Given: $$F(x) = \int_{2-x^{0.5}}^{x^4} \frac{\arctan(y/x)}{y}dy$$ Calculate $F'(4)$ or ($lim x-> 4$ if $F'(4)$ not defined)
I was given that if: $G(x)=\int_{u(x)}^{v(x)} g(x,y)dy$ then $G(x_0)=\int_{u(x_0)}^{v(x_0)} g(x_0,y)dy$
In my case I get: $F(4) = \int_{0}^{4^4} \frac{\arctan(y/4)}{y}dy$ So, $F'(4) = \left(\int_{0}^{4^4} \frac{\arctan(y/4)}{y}dy\right)'$
I tried using Leibniz's rule but I get that the derivative is always o,
which is wrong. What's my mistake and May someone correct me?

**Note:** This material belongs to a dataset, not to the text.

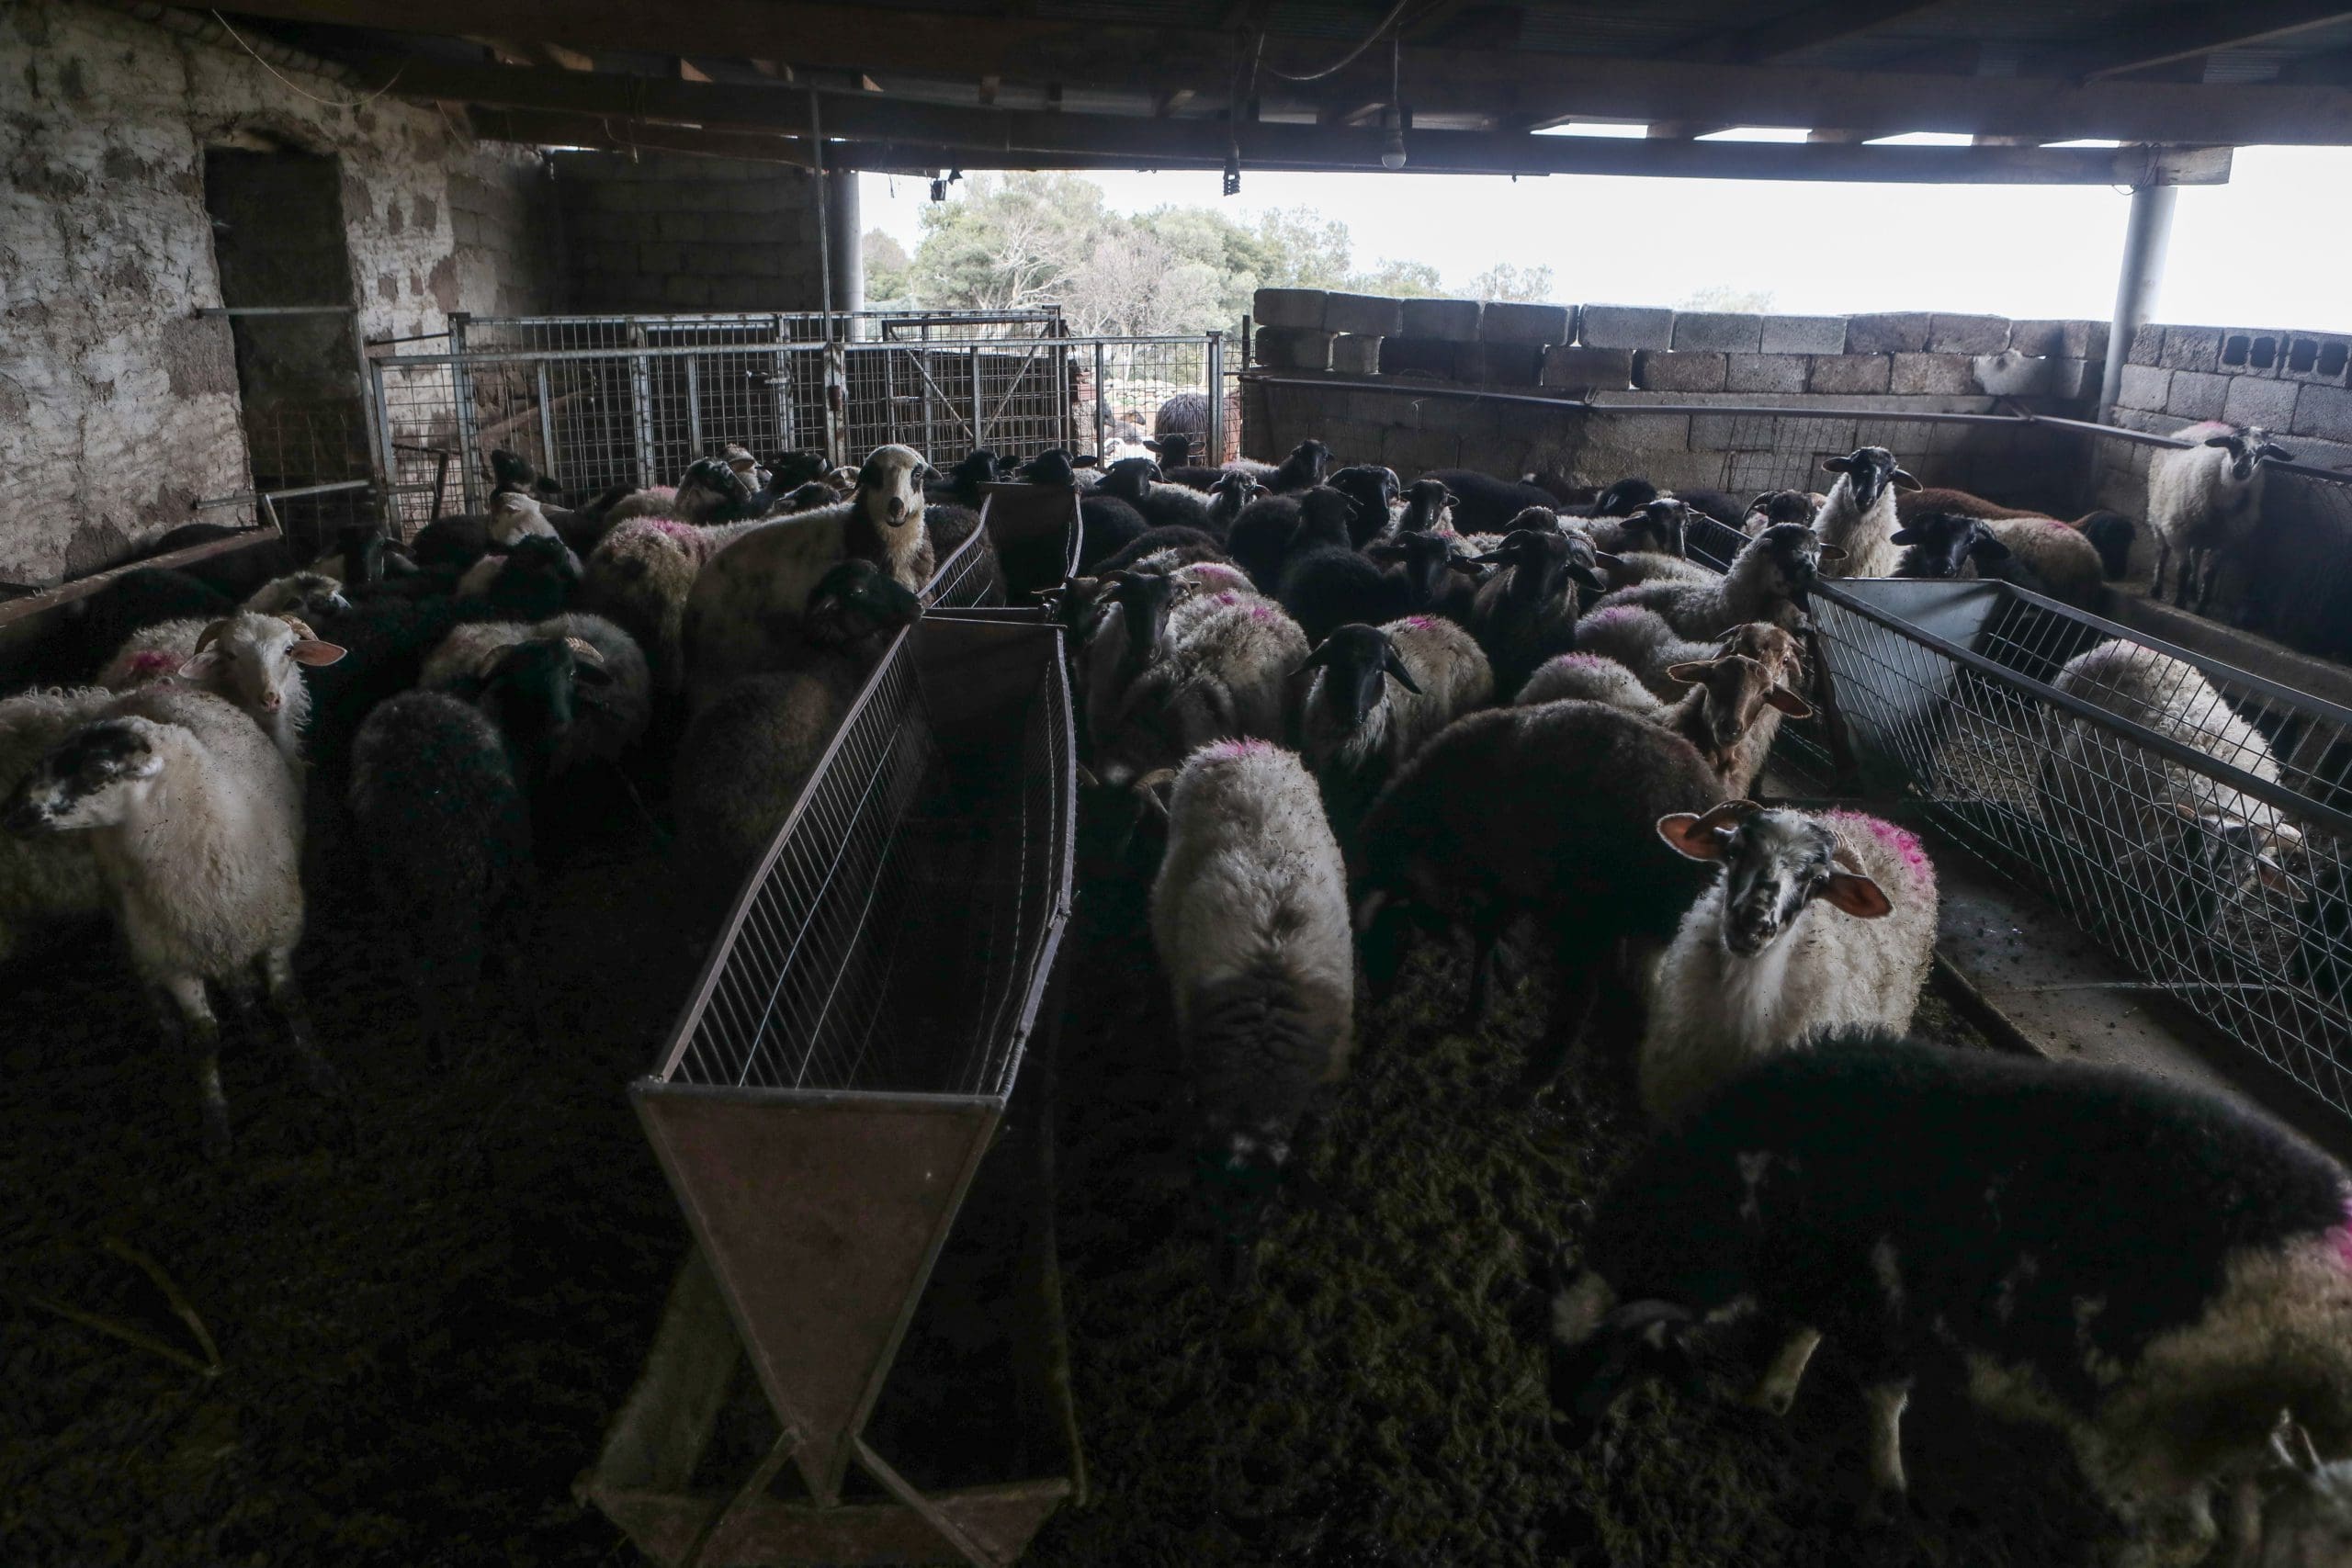 Παρατάσεις προθεσμιών κτηνοτροφικών εγκαταστάσεων – Τροποποίηση παρ. 1 άρθρου 14 και παρ. 3 άρθρου 17α ν.4056/2012

$G(x)=\int_u^vg(x,y)dy=h(x,v)-h(x,u)$, so $G'(x)=\frac{\partial h(x,v)}{\partial x}+\frac{\partial h(x,v)}{\partial v}\frac{dv}{dx}-\frac{\partial h(x,u)}{\partial x}-\frac{\partial h(x,u)}{\partial u}\frac{du}{dx}=\int_u^v\frac{\partial g(x,y)}{\partial x}dy+g(v,x)\frac{dv}{dx}-g(u,x)\frac{du}{dx}$
I'll let you finish.